Pogląd na rolę obrońcy w procesie karnym ma charakter uniwersalny: chodzi tu jedynie o respektowanie przepisów prawa, czyli elementarnych reguł, które muszą być stosowane w każdej sytuacji. Niezależnie od tego, czy chodzi o obronę w sprawie kradzieży roweru, wyłudzenia podatku VAT, handlu narkotykami czy w końcu zabójstwa. Zdaniem niektórych na obronę zasługują tylko niewinni, pytanie jednak, skąd wiadomo, czy ktoś jest niewinny? Czy decydujące ma być stanowisko samego oskarżonego poparte przyznaniem się do winy bądź jej negacją, przeczucie adwokata, że warto pomóc niesłusznie oskarżonej osobie, czy może dopiero wyrok sądu, po którym jednak jest już (siłą rzeczy) za późno na podjęcie obrony? Gdyby to opinia publiczna wydawała „wyrok”, w ogromnej ilości spraw nie byłby potrzebny nie tylko adwokat, ale i sąd. Potrzebny natomiast na pewno byłby kat.

Alan Dershowitz, wybitny amerykański prawnik - reprezentujący niegdyś m.in.
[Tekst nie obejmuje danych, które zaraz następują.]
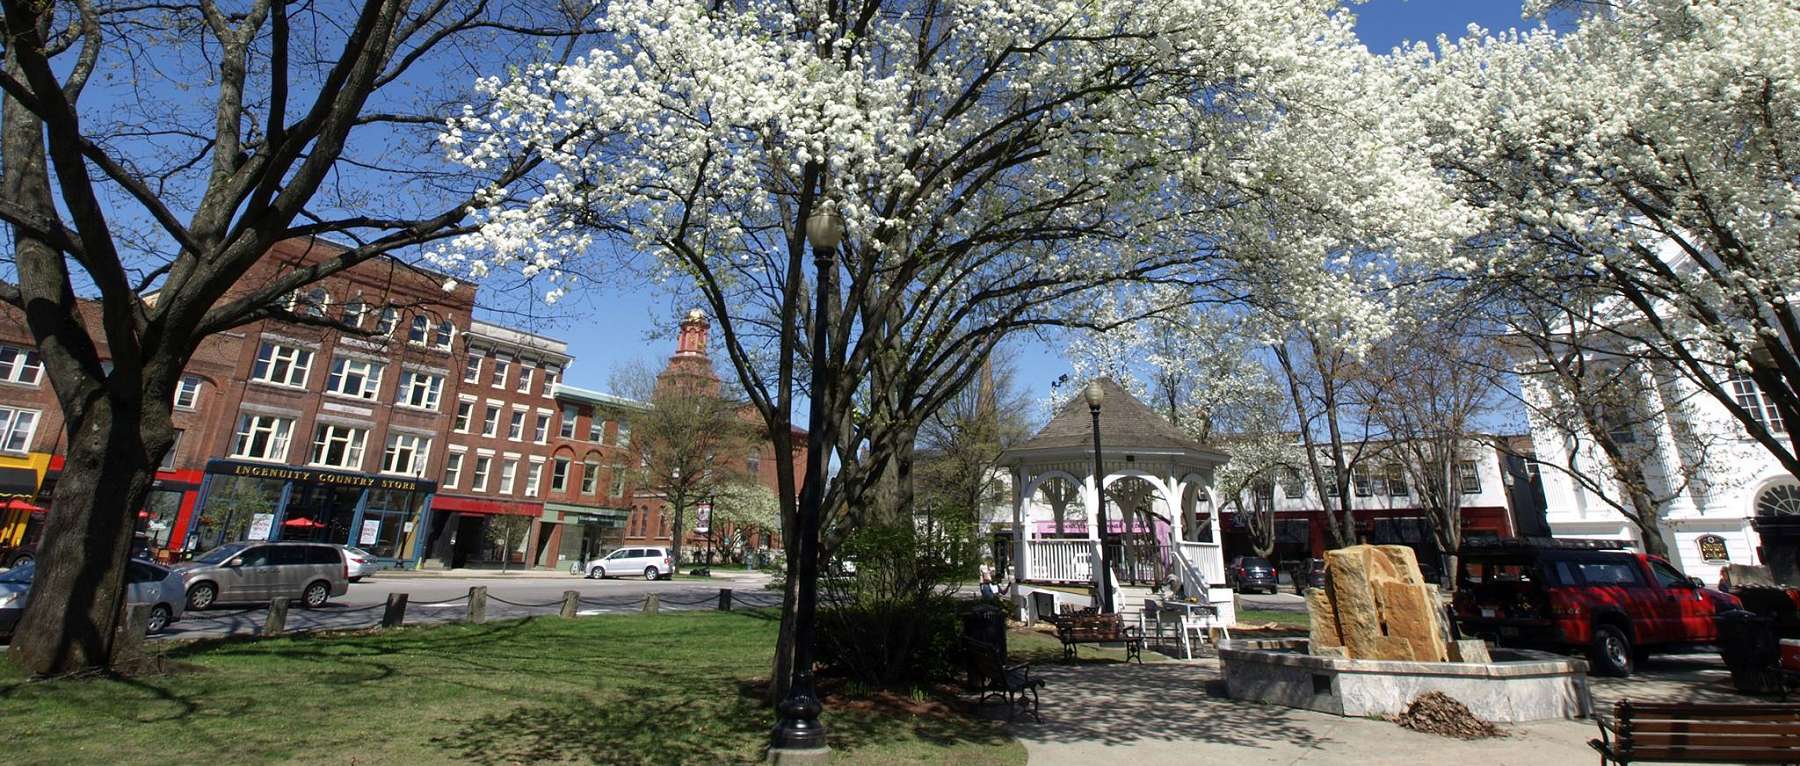 Downtown Keene, New Hampshire Spring View

Mike’a Tysona i O.J. Simpsona - na pytanie, czy podjąłby się obrony Hitlera, odpowiedział, że tak. Nawet jeśli był to w części chwyt marketingowy, to po oświadczeniu adwokata żydowskiego pochodzenia, że nie widzi przeszkód dla hipotetycznej obrony architekta Holokaustu, doprawdy nie rozumiem, dlaczego obrona kogokolwiek innego, w tym Kajetana P., miałaby przynosić choćby cień ujmy profesjonalnemu obrońcy.

Tomasz Janik dla Wirtualnej Polski

Tomasz Janik - adwokat, członek Pomorskiej Izby Adwokackiej w Gdańsku, doktorant Wydziału Prawa i Administracji Uniwersytetu Gdańskiego.